Add to that a sexual identity variable, and the task of Utah teens successfully walking the daunting social tightrope of middle and high school just got considerably harder.

Enter the Gay-Straight Alliance (or the less binary Gender–Sexuality Alliance)—safe-space groups by design, wherein students can share experiences and offer each other resources and support.

"Research and data are conclusively supporting the importance of having a Gender and Sexuality Alliance or Gay-Straight Alliance (GSAs) in school spaces," Utah Pride Center Executive Director Rob Moolman said in a summer news release. "These are vital programs in our fight against LGBTQ youth suicide and to the visible mental health support initiatives that schools can provide for their students and queer staff members."

Wanting to create a "safer and kinder Utah school system for our LGBTQ youth and families," the Center hosted its first GSA & Educators' Conference in September. Featuring workshops and panels offered by community members and education professionals, the day-long event sought to create supportive and open school environments for LGBTQ students.

Data backs up the Center's efforts. In its Suicide Prevention Plan for Utah, the national Suicide Prevention Resource Center lists "research-supported initiatives" like GSAs as a protective factor in preventing LGBTQ suicide.

But a 12-year-old law is creating a chilling effect on students, teachers and administrators trying to form extracurricular GSAs, according to legal experts, educators and LGBTQ community advocates.

Passed by the Legislature in 2007, the Student Clubs Act (SCA) imposes an intricate web of regulations on extracurricular clubs in public schools. The 17-page law governs how clubs—everything from Model U.N. to the Frisbee team—are formed, categorized and maintained.
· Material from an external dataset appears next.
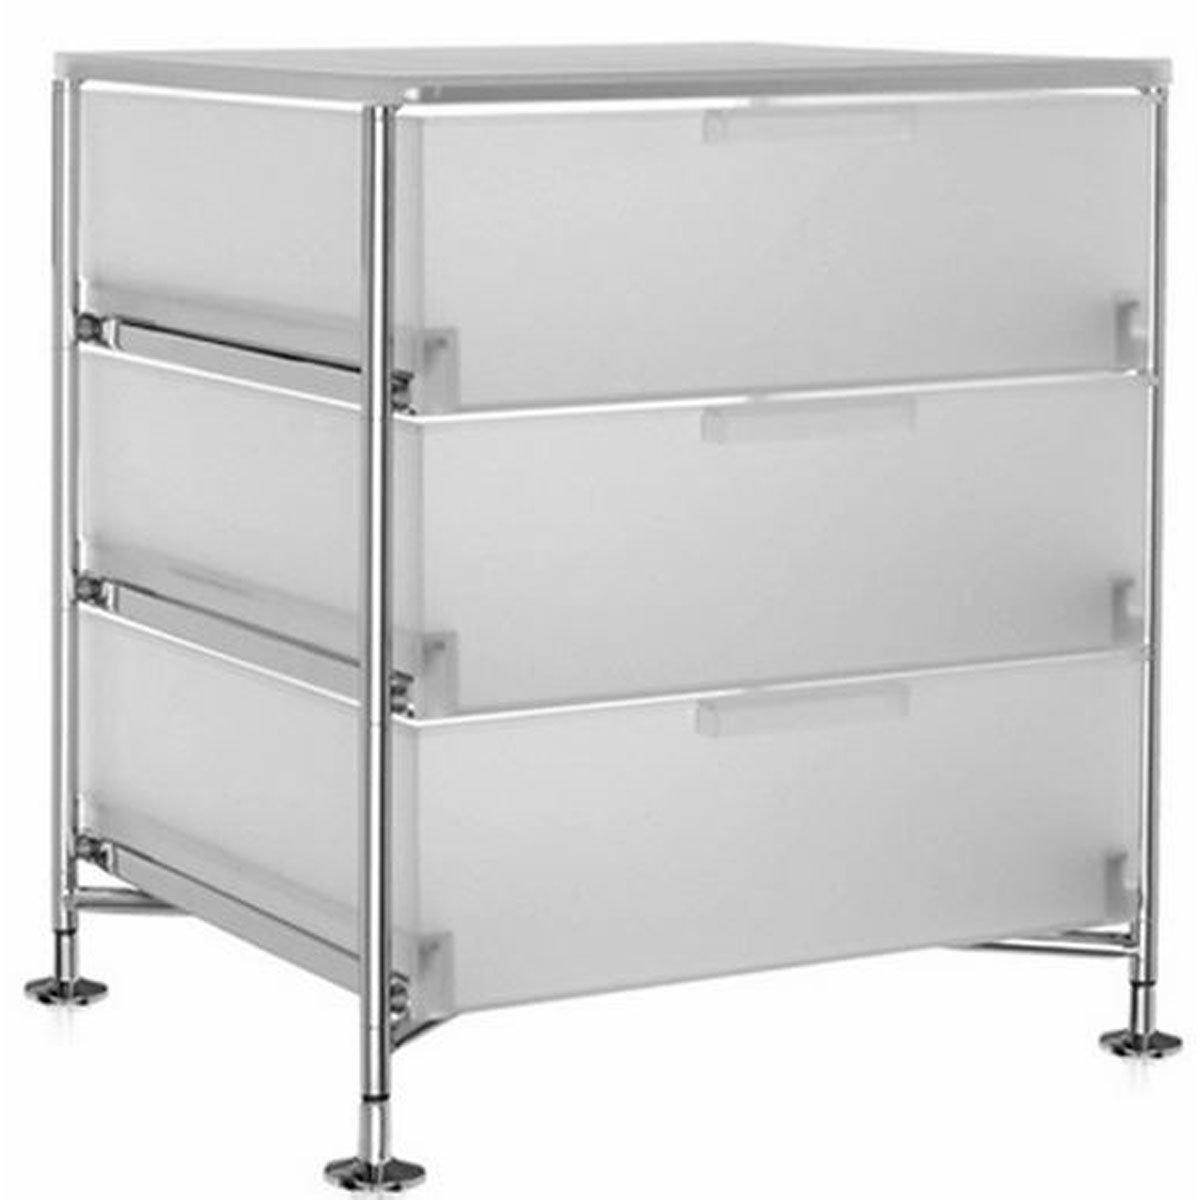 Kartell 2330L1 Container Mobil, 3 Schubladen, eisfarben

Sarah Jones, an English teacher at Centerville Junior High School, is the faculty advisor for the school's GSA. The group was formed two years ago when a student sought support after coming out as transgender. Since then, Jones has seen the group's importance swell among some of its at-risk members.

"Our principal and vice principal ... deal with suicidal ideation all the time," she says. "We have suicidal kids all the time—we have kids attempt suicide, it's not a joke. This isn't something we're doing to promote for people to be gay, we're doing this so that kids don't want to kill themselves."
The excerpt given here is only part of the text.